◆ Exercise prompt ◆
When the line with "Türkei ATM 1992" appears below, start repeating lines exactly, and keep going through the line with "Sailor Moon Wallet"; add nothing outside that span.

◆ Available records ◆
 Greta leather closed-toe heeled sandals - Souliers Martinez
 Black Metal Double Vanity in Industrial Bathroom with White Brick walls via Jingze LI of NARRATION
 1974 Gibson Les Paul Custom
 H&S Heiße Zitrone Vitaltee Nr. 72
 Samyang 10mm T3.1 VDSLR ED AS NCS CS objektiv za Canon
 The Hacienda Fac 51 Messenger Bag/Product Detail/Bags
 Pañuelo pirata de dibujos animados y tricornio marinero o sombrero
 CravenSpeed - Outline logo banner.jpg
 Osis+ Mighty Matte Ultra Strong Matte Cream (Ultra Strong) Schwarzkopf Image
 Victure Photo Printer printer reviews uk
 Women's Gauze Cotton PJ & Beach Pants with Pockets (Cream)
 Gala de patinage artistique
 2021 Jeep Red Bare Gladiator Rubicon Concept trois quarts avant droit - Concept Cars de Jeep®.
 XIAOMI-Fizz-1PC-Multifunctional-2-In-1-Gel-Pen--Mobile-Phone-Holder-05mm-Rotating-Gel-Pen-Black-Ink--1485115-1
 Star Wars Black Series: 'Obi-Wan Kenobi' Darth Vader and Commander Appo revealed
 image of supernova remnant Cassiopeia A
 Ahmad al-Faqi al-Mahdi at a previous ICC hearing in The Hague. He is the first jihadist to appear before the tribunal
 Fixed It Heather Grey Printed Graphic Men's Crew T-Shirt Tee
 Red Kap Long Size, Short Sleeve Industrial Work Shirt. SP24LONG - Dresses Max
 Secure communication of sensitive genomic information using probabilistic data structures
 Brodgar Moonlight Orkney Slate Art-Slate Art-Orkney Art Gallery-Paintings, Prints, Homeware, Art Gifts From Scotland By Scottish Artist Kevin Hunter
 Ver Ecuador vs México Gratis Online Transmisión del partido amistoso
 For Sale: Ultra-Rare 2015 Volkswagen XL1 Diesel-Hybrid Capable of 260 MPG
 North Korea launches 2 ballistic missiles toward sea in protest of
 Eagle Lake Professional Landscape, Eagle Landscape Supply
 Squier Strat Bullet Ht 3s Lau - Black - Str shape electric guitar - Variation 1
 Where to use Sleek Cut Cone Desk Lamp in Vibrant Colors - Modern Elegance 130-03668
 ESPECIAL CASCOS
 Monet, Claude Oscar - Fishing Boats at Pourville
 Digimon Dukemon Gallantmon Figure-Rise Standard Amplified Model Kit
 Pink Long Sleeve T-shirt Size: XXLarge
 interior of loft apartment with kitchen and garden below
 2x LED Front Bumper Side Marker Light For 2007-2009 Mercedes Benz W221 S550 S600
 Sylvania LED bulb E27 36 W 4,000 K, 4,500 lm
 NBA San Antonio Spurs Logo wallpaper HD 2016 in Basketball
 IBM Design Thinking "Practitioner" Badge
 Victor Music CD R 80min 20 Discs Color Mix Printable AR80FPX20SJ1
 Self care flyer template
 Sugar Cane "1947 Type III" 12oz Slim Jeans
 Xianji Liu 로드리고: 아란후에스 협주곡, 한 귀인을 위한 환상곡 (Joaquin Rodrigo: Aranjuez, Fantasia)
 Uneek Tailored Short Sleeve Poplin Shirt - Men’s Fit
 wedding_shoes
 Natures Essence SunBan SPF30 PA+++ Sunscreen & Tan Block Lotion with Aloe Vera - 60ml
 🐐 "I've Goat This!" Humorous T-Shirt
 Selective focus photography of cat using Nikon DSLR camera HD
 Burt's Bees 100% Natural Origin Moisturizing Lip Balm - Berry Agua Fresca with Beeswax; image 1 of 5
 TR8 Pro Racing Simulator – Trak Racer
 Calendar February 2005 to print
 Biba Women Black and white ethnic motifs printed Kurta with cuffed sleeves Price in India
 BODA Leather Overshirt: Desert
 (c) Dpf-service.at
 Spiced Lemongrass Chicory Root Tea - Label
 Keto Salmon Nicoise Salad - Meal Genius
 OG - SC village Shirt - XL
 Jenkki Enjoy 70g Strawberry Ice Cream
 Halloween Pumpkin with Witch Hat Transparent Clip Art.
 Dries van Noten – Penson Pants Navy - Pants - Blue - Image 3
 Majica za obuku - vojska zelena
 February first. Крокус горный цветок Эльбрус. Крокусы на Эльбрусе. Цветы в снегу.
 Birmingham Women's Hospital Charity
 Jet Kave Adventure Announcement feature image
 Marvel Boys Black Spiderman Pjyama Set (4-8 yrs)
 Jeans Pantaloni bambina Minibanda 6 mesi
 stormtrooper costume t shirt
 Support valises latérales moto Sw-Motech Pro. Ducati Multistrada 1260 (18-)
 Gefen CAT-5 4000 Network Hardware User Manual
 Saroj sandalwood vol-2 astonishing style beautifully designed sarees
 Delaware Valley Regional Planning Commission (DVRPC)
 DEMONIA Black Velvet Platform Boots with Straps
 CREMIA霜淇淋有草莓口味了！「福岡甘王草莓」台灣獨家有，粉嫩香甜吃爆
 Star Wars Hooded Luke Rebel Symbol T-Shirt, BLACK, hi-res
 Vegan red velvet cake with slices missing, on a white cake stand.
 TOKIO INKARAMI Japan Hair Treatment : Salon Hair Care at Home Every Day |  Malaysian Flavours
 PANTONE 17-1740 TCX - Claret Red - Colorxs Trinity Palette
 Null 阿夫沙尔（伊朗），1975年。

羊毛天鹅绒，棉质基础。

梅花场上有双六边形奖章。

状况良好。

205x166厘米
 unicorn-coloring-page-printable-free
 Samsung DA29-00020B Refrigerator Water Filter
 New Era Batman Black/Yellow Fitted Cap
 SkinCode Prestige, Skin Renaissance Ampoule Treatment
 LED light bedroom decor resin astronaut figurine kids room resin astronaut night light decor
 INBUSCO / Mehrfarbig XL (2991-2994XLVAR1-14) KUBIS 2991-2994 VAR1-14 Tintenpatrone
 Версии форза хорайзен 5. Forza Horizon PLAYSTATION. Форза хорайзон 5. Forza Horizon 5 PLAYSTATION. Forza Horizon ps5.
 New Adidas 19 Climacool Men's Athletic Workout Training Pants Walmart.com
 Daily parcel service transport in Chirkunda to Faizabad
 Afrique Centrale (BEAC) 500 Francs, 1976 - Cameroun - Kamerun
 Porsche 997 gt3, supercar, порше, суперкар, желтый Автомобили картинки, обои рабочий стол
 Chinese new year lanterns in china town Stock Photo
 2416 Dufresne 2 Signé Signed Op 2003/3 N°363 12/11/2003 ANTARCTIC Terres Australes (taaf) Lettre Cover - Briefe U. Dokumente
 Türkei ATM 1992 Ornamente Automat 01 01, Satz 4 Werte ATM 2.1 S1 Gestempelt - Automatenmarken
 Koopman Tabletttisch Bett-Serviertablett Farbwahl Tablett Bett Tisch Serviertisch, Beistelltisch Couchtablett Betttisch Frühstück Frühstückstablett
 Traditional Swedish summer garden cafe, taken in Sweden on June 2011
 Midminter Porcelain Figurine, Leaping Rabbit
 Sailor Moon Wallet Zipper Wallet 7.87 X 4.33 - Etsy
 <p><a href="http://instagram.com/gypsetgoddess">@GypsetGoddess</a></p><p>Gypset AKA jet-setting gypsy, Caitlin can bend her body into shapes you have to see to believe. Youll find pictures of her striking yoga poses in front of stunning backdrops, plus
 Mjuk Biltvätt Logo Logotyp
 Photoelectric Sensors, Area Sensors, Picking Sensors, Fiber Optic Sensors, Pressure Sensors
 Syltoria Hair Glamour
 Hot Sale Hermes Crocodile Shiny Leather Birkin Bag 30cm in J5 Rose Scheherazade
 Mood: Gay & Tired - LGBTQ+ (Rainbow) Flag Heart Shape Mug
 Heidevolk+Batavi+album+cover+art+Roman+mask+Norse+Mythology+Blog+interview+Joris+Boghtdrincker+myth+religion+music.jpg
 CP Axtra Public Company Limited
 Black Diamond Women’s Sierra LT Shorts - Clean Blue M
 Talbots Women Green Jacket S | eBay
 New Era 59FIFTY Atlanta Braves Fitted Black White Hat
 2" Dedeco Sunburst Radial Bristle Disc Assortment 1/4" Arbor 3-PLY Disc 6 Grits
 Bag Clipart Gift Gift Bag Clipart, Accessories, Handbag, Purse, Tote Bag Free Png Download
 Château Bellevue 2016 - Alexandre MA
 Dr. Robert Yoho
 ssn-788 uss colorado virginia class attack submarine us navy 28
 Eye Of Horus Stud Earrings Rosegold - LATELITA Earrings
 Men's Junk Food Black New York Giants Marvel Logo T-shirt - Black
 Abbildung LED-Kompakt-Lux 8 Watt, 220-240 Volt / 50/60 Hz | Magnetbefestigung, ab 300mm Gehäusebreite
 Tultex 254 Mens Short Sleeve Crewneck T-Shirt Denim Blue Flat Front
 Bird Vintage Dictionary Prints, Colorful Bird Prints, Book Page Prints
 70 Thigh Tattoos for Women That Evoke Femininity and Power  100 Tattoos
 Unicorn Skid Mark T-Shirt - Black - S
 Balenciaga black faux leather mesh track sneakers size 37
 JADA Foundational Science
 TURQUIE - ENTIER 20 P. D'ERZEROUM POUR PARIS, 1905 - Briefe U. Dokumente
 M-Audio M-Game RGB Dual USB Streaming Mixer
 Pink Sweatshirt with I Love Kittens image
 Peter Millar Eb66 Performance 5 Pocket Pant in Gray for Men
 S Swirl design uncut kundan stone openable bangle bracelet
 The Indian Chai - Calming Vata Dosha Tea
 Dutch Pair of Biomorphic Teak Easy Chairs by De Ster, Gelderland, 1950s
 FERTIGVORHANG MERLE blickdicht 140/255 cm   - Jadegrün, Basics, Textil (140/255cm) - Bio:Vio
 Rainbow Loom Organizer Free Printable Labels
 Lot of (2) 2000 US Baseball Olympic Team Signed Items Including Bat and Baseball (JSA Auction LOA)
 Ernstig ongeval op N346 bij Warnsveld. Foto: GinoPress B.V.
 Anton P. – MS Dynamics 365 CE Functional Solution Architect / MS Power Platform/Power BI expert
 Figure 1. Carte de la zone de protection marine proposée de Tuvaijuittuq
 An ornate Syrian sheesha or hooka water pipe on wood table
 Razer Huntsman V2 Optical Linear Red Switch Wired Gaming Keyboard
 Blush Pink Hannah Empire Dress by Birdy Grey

◆ Written answer ◆
 Türkei ATM 1992 Ornamente Automat 01 01, Satz 4 Werte ATM 2.1 S1 Gestempelt - Automatenmarken
 Koopman Tabletttisch Bett-Serviertablett Farbwahl Tablett Bett Tisch Serviertisch, Beistelltisch Couchtablett Betttisch Frühstück Frühstückstablett
 Traditional Swedish summer garden cafe, taken in Sweden on June 2011
 Midminter Porcelain Figurine, Leaping Rabbit
 Sailor Moon Wallet Zipper Wallet 7.87 X 4.33 - Etsy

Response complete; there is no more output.